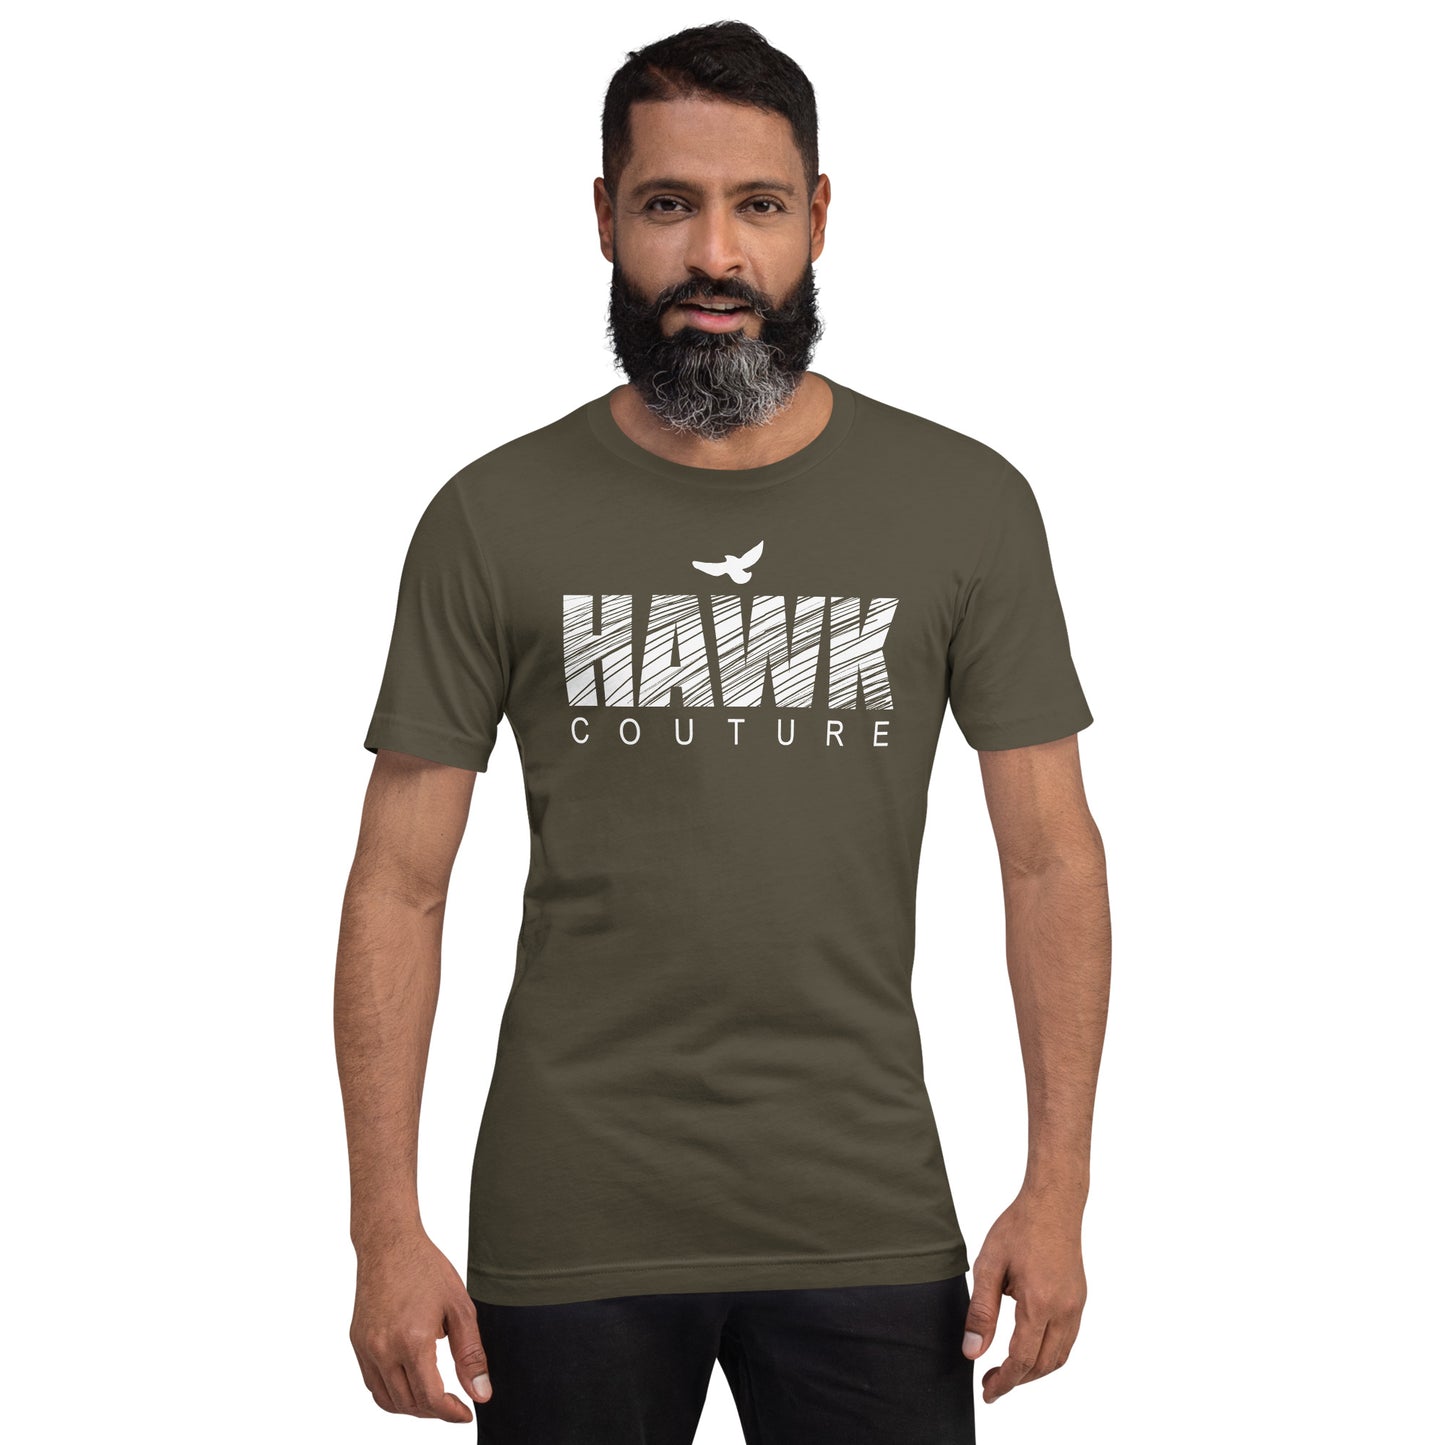 Hawk Couture Bold Type T Shirt - White Font
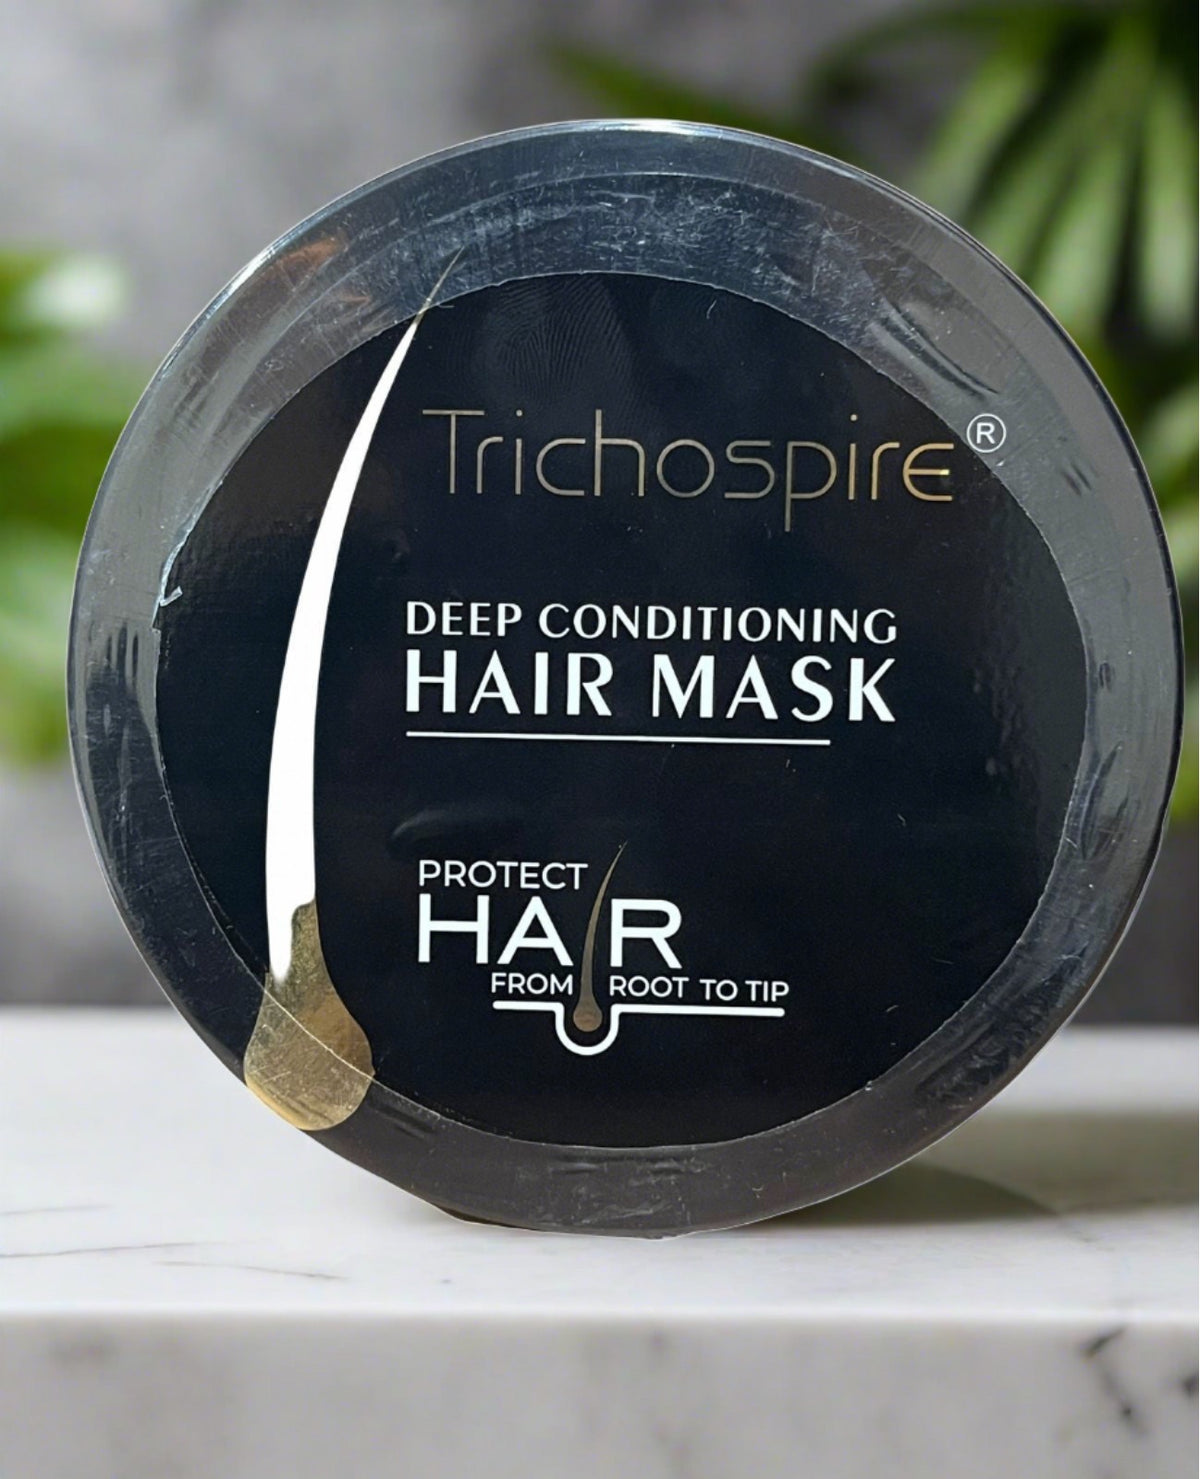 Trichospire deep conditioning  hair mask
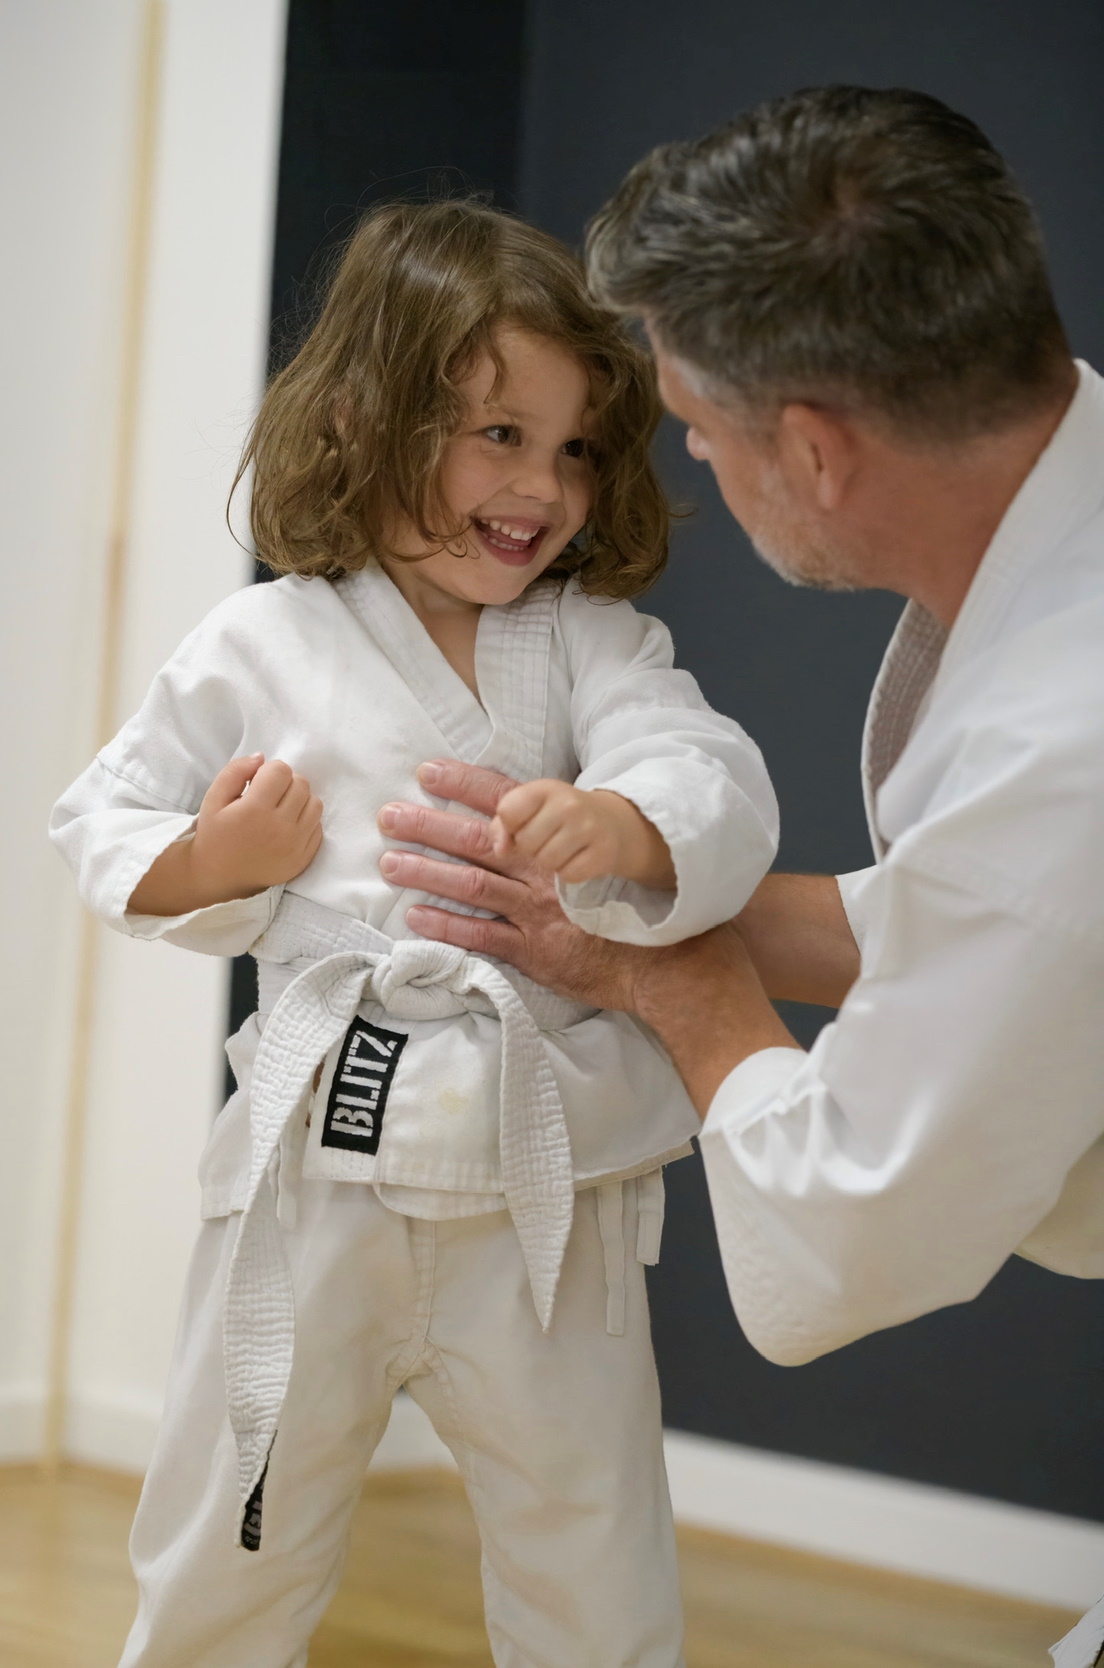 A young karate student smiles as their coach bends down to talk to them at eye level 
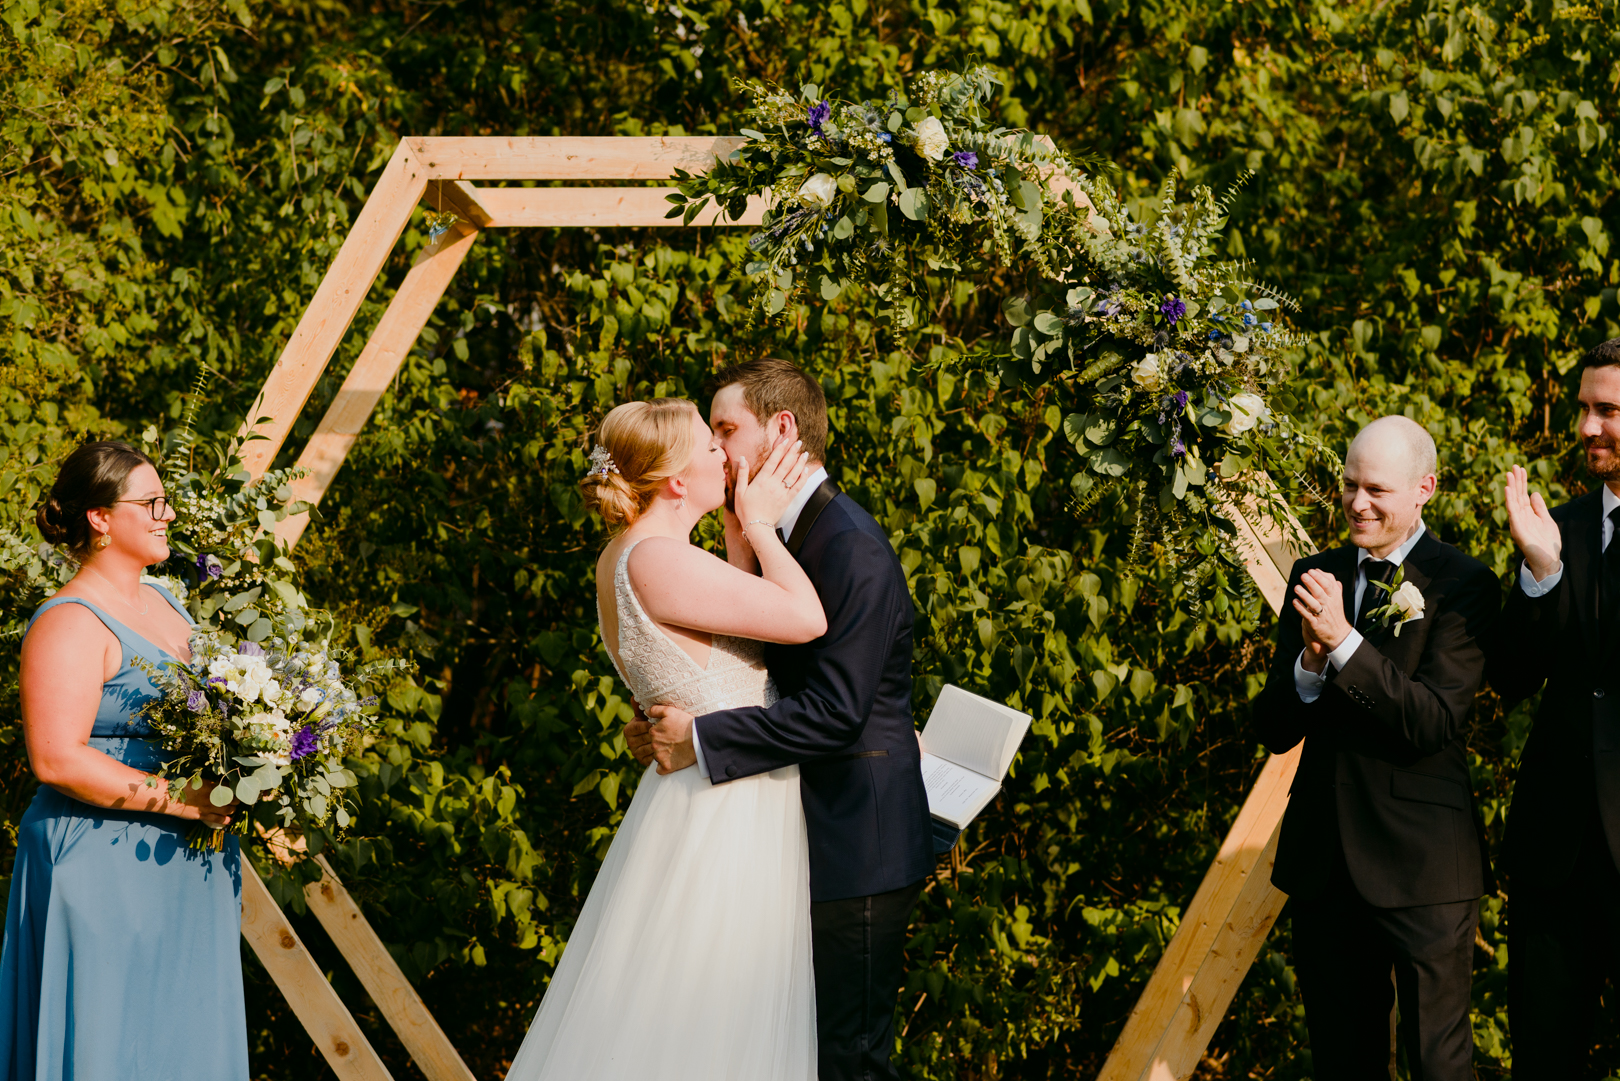 bride and groom first kiss in front of wooden hexagon during outdoor wedding ceremony
..............................
> **Task prompt**
Output verbatim the lines beginning at the line with "Trichospire deep conditioning" and ending at the last line of the material above, inclusive. Do not carry over any pictures.

> **Exercise response**
 Trichospire deep conditioning  hair mask
 A young karate student smiles as their coach bends down to talk to them at eye level 
 bride and groom first kiss in front of wooden hexagon during outdoor wedding ceremony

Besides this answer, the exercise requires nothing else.